Randomize Framework order in runs

TechEmpower / FrameworkBenchmarks

Source for the TechEmpower Framework Benchmarks project

https://www.techempower.com/benchmarks/

Other

7.4k stars 1.89k forks source link

Randomize Framework order in runs #8830

Open p8 opened 1 month ago

p8 commented 1 month ago

Currently the benchmarks are run in the same order everytime. Sometimes a run fails after a number of frameworks were benchmarked, or the run is restarted. This causes the frameworks starting with a to have more test runs than frameworks starting with z. If the order could be randomized the number of runs would be better distributed.

fakeshadow commented 1 month ago

As someone maintaining a benchmark starts with x I feel this.

That said IMO a fair way of handling order is to prioritize benches with most recent changes. As for benches that haven't changed for a while I guess the maintainers would care less about continuous run result.

joanhey commented 1 month ago

I think that is enough to start one run with a and the next with z. And perhaps we still see some differences in the results.

This run and the next, change the servers, databases, ... so the change it's for all frameworks. Don't depend from the changes in the frameworks. A mature framework need less changes than a young one. Still we can bench in local to test small changes.

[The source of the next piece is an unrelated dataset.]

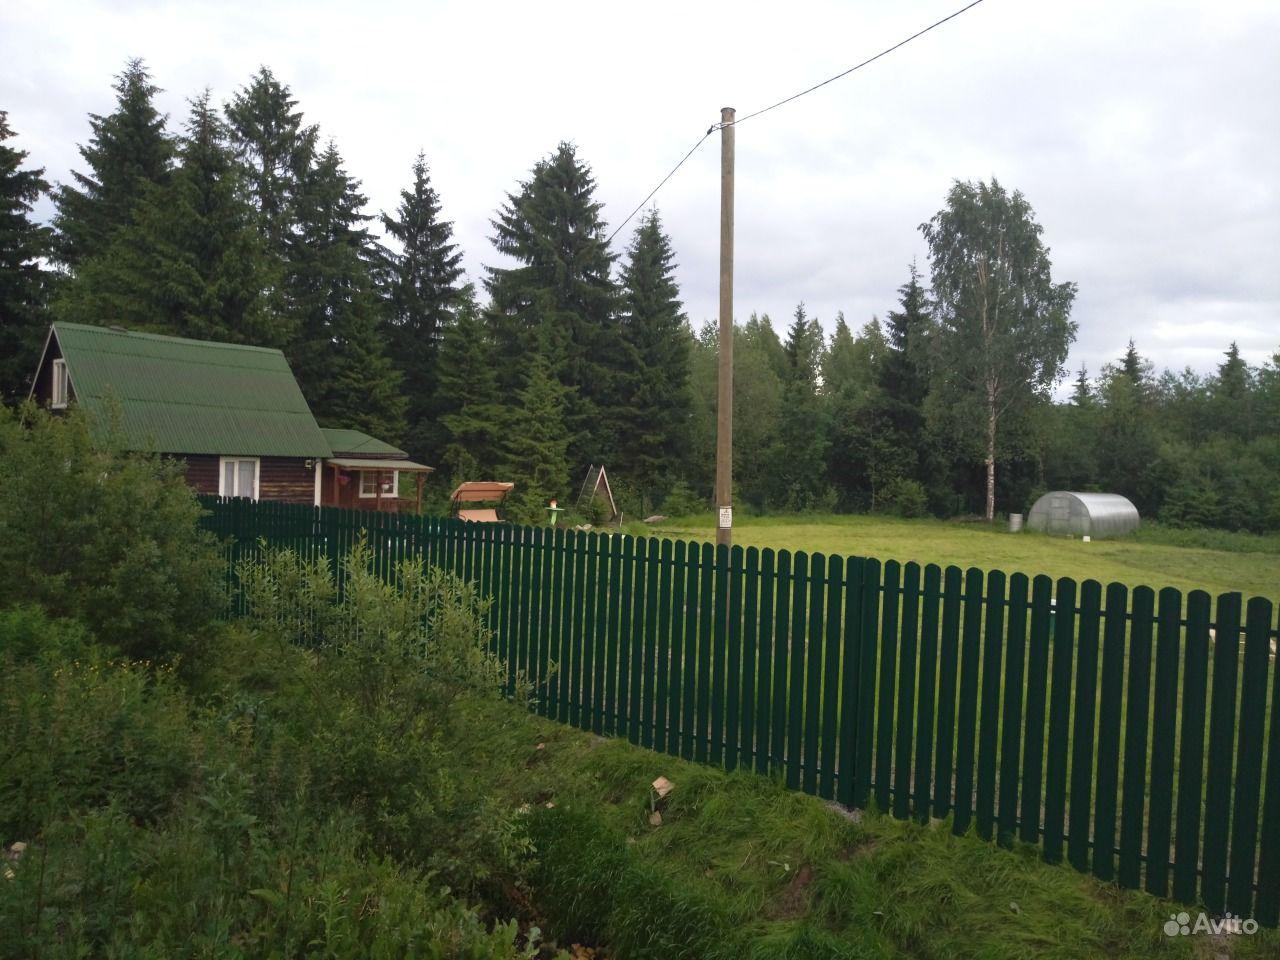 Установка заборов в Ленинградской области купить на Вуёк.ру - фотография № 3

itrofimow commented 1 month ago

What I maintain starts with u, so I'm heavily biased here, but I would also appreciate this change being implemented.

My concern is not about failures or restarts, as they usually don't happen that often when the environment is stable, but rather about a feedback latency: I mostly use TFB as a measurement tool (and a big shout-out to TE crew for providing that tool), and given a hypothetical performance drop in the ongoing run, I'm left with approx. a day to squeeze a potential fix into the next measurement, and a failure to do so would lead to a feedback latency of two full weeks (every run is approx. a week). Moreover, any dependency bump I do is at least a week (an almost full run) in terms of feedback latency, and 1.5 weeks on average.

Flipping the order between runs (or FWIW randomizing it) would significantly reduce these latencies for me.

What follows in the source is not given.